BILLION DOLLAR BRAIN was the third and final theatrical Harry Palmer picture, and rather than offering a sly counterpart to the Bond series, it approaches a near parody of them. Unlike the prior pictures there’s a larger-than-life villain this time, and things even kick off with a self-conscious Maurice Binder title sequence. After that, settle in for a 60s spy yarn that’s dated, but certainly unique.
This time, Harry is dragged back into the service to monitor an old American friend (Karl Malden) and his gorgeous mistress (Francoise Dorleac). The story ultimately leads to a fanatic American anti-communist (Ed Begley Sr.) and his plot to start WWIII by invading a Soviet satellite with his private army.
The film marked the first theatrical offering from Ken Russell who would go on to be the enfant terrible of British film industry for the next two decades. It offers a taste of Russell’s offbeat style, but he never goes entirely over-the-top, though its shift in tone from the other Palmer films is a little jarring.
When I saw B$B as a kid I loved it as a wild standalone Bond send-up. Seen in the context of the other two films and the Deighton canon, it’s the weakest of the three Caine movies. And taken on it’s own terms it’s audacious, but also at times off-puttingly arch. While the other two films riff off the protagonist’s cynisism, here we get the filmmaker’s cynicism in its place. There’s no one to root for, and by the end Harry is almost literally lost in the frozen landscape. Plus, the film has a not subtle strain of anti-Americanism, which would be fine if the Soviets were trained with the same jaundiced eye. (Oscar Holmolka returns as Colonel Stok.) At the climax, we watch the misguided American invaders die as they fall into icy graves. There’s not a lot of compassion or horror at these deaths, and in fact we see them sacrificing others to save themselves. It’s a kind of rancid scene.

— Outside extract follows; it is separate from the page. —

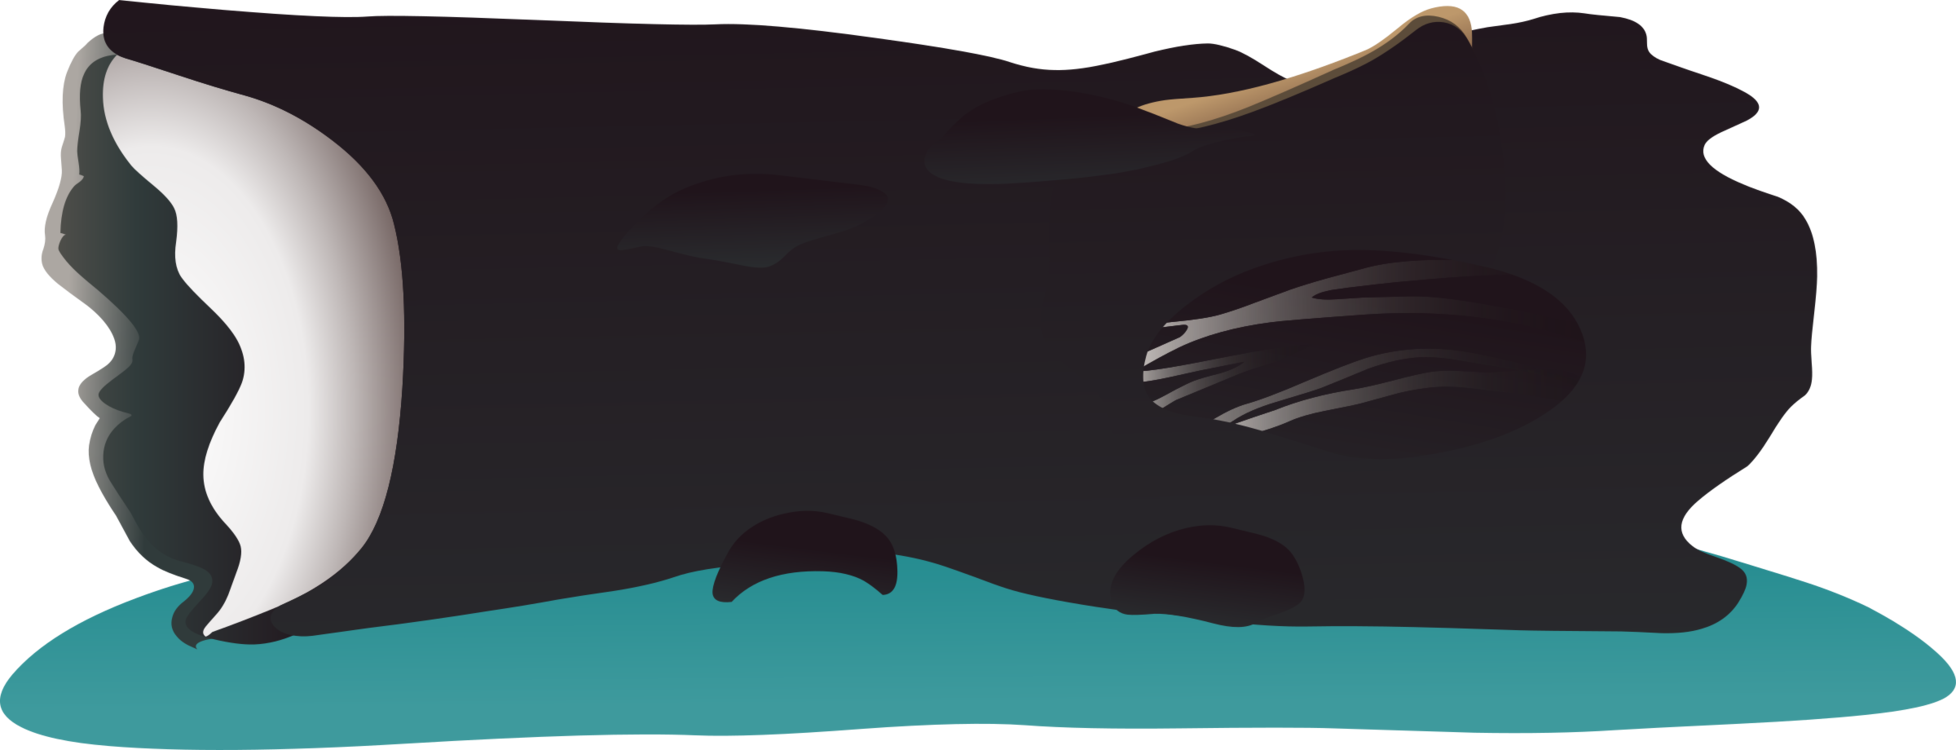 Manta Ray,Sperm Whale,Bowhead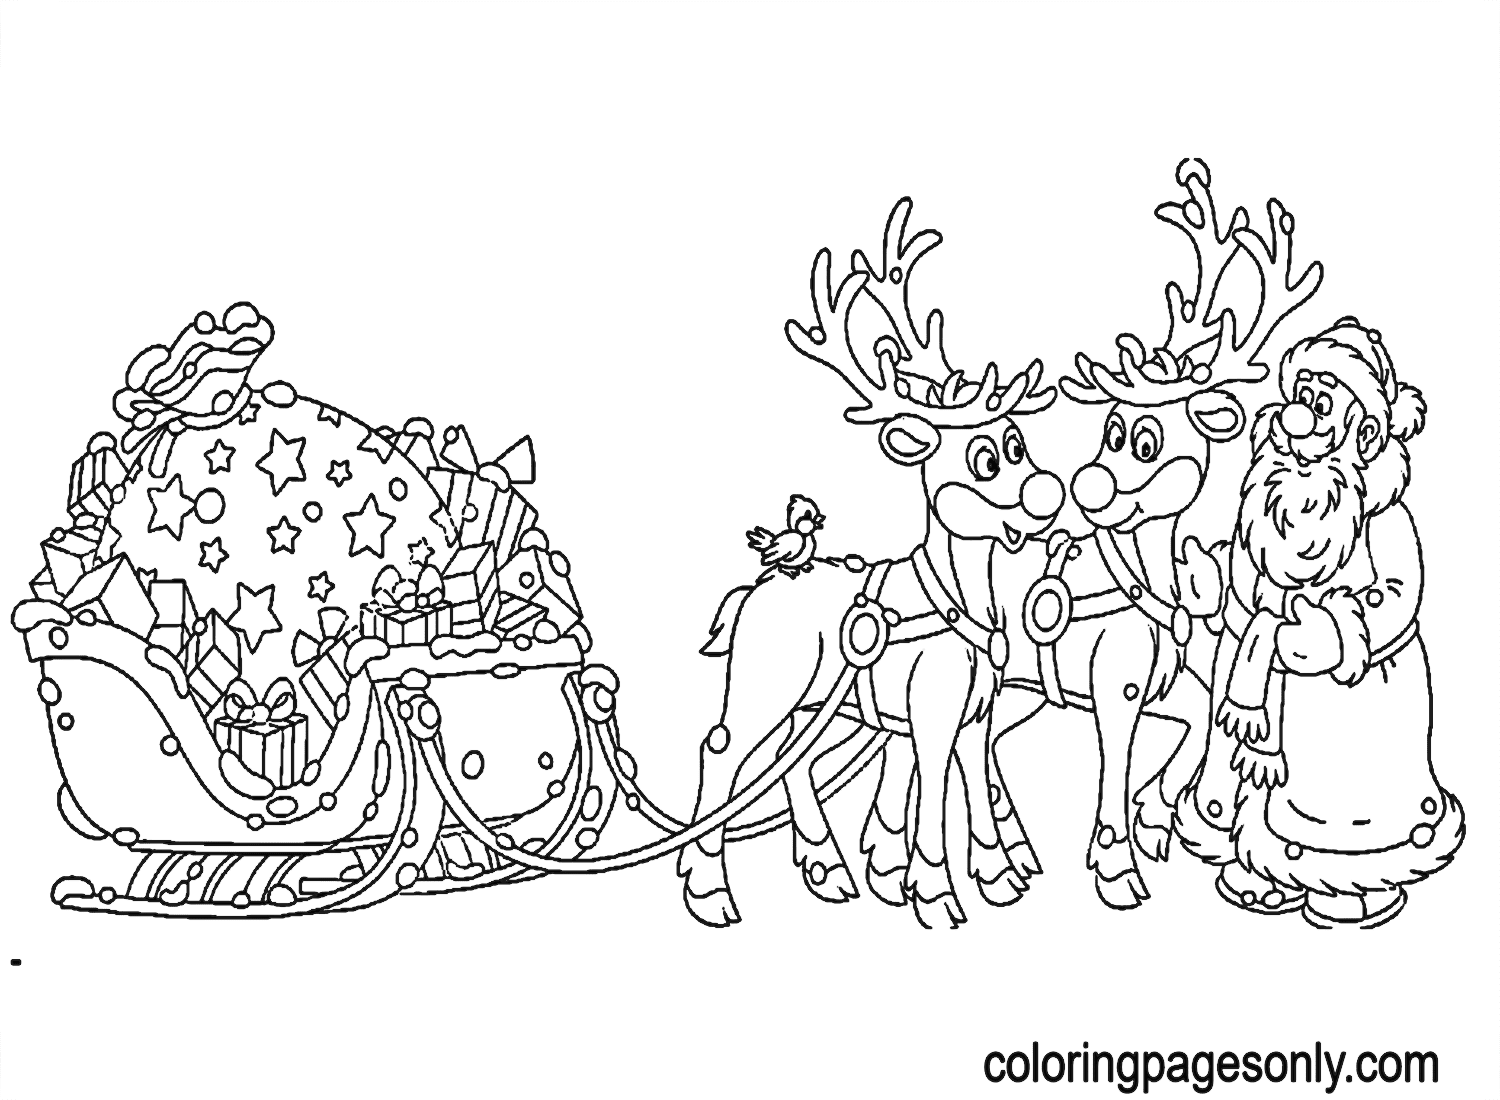 سانتا كلوز مع الرنة، مزلقة وحقيبة كبيرة من الهدايا من الرنة

Also, the “Palmer” character in the book eschews violence altogether, and usually finds a way to outwit his adversaries. (That spirit is very well captured in the climax of FIB.) Here he has a scene with Dorleac that borders on a sexual assault. This may have played in a Bond picture, but it doesn’t mesh with the “Palmer ”character here.
Malden is good as usual, what a varied career he had. He could play pretty much anything. The ravishing Dorleac had the unusual distinction of being Catherine Deneuve’s better-looking sister. What a face. Her final kiss-off to Harry is a terrific moment, one of the film’s best. (She was killed tragically shortly after this.) Begley gives a bravura performance in the pretty cliché role of the Texas blowhard. His big scene, one of Russell’s boldest touches, has him giving a bombastic monologue while the camera swirls all around him. It’s a pretty marvelous feat of acting. Also, Russell gets a marvelous assist from Richard Rodney Bennett’s moody score.
Unfortunately, BILLION DOLLAR BRAIN failed to match the success of the earlier entries and as a result what would have been the final picture (the second novel) HORSE UNDER WATER was never made. What remains are three varied, but always fun, relics of the Cold War, each a terrific vehicle for one of that era’s greatest stars.